6.2.4 PRODUZIONE DI FRAMMENTI IN FUNZIONE DI Z

ED A Le particelle α rappresentano i frammenti prodotti in misura maggiore nel processo di

interazione degli ioni 12C con il bersaglio (non prendendo in considerazione gli ioni 12C

dovuti a scattering elastico, che si presentano soprattutto a piccoli angoli). Questo fatto

sperimentale è legato al ruolo fondamentale giocato da queste particelle nei processi di

clustering.

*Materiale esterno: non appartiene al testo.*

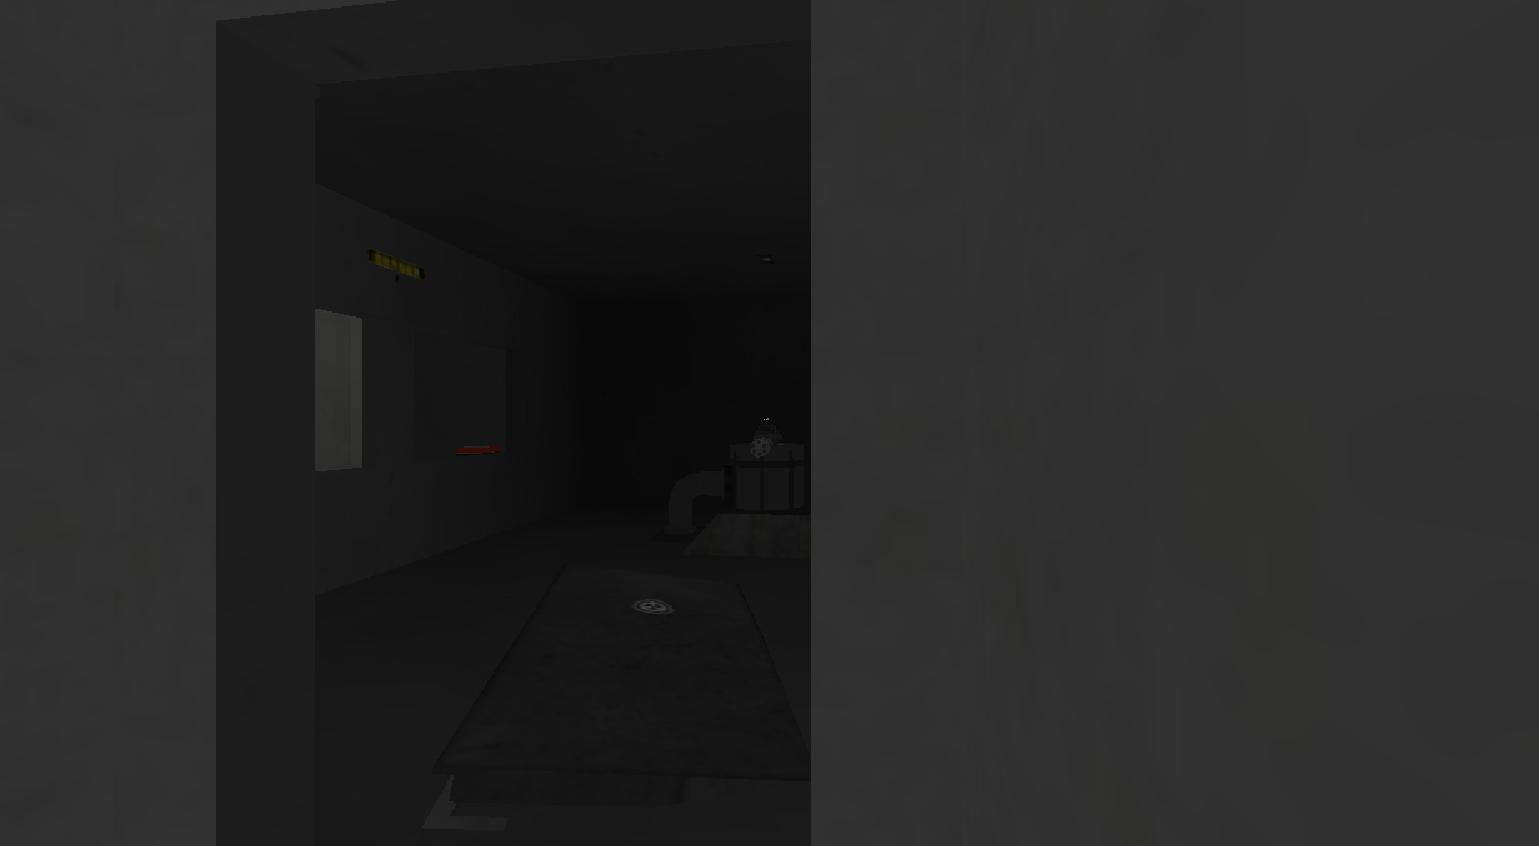 Scp Chamberz For Android Apk Download - scp 789 j roblox

Difatti, le particelle α sono nuclei estremamente stabili in virtù dell’energia di

legame per nucleone (di circa 7.1 MeV/u, la più elevata rispetto ad ogni altro nucleo leggero)

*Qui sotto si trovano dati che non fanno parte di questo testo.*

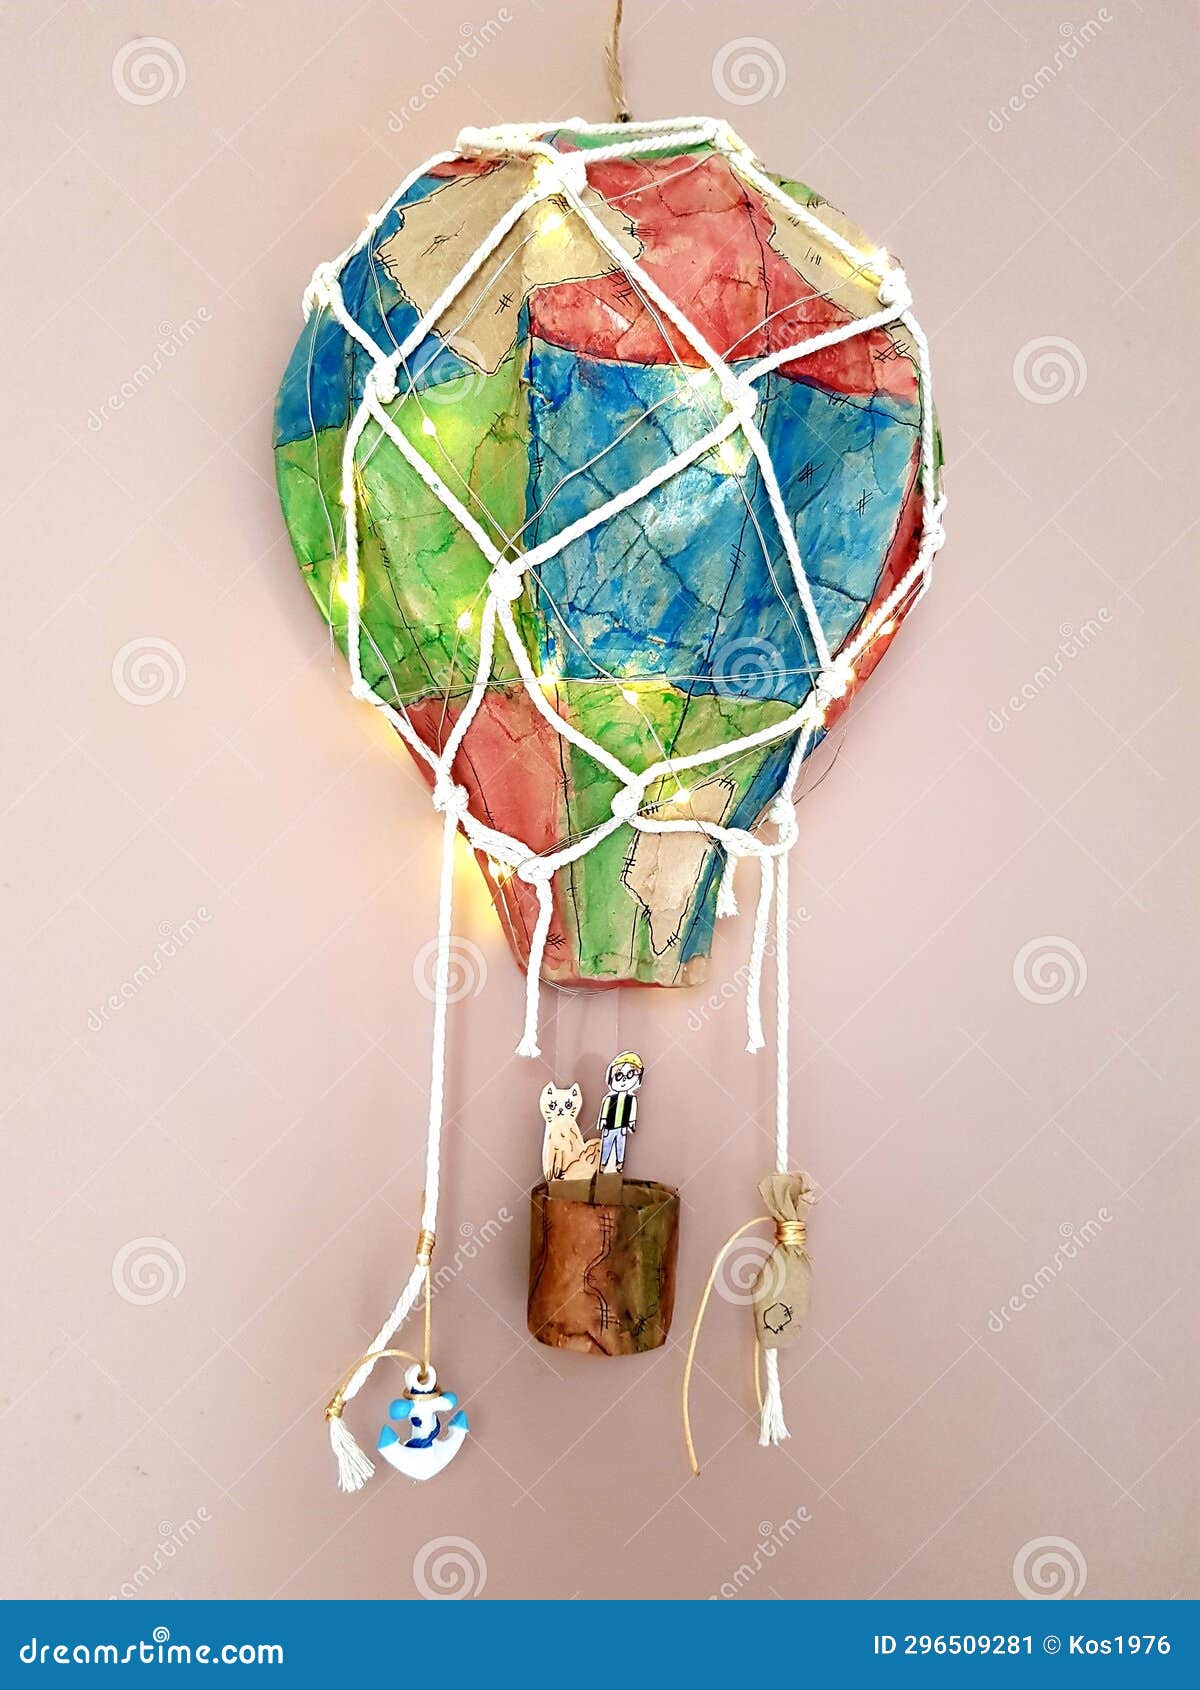 https://thumbs.dreamstime.com/z/colorful-dream-catcher-hanging-rope-colorful-handmade-colorful-balloon-hanging-string-colorful-handmade-296509281.jpg

e dell’alto valore di energia relativa al primo stato eccitato, pari a circa 20.21 MeV.

La notevole energia di legame per nucleone delle particelle α è legata al principio di

Pauli in base al quale i nucleoni tendono ad occupare il più basso stato di energia disponibile.

Difatti, ogni nucleone in moto relativo occupa uno stato s e due nucleoni in questo stato

hanno spin opposti per cui, se a questo sistema si aggiungesse un nucleone esterno, questo

andrebbe ad occupare uno stato p, con conseguente formazione di un nucleo instabile.

Secondo questo schema, gli ioni Carbonio possono essere considerati come strutture a cluster

di particelle α e, dunque, il processo di break-up in tre di queste particelle è estremamente

probabile.

In Figura 6.2.9 è riportato il numero di particelle rivelate in corrispondenza di sei

diverse posizioni angolari, da 3.34 fino a 18.97 gradi, corretto al valore dell’angolo solido

ricoperto dai telescopi in modo da ottenere quantità confrontabili, in funzione del Particle

Identificator (PID), ossia del numero identificativo dell’isotopo considerato (§ 6.1.3). Da un

esame del grafico è possibile verificare che il numero di particelle α è almeno un ordine di

grandezza maggiore rispetto agli altri frammenti (non considerando gli ioni 12C).

Dal momento che si suppone di disporre di un fascio terapeutico di energia fissata,

come quello prodotto dal ciclotrone superconduttore, la modulazione in energia può essere

realizzata soltanto con l’inserimento di un sistema passivo, rappresentato da un energy

degrader, ossia da uno spessore di materiale opportunamente scelto e modellato in cui gli

ioni del fascio primario perdono una quantità di energia nota.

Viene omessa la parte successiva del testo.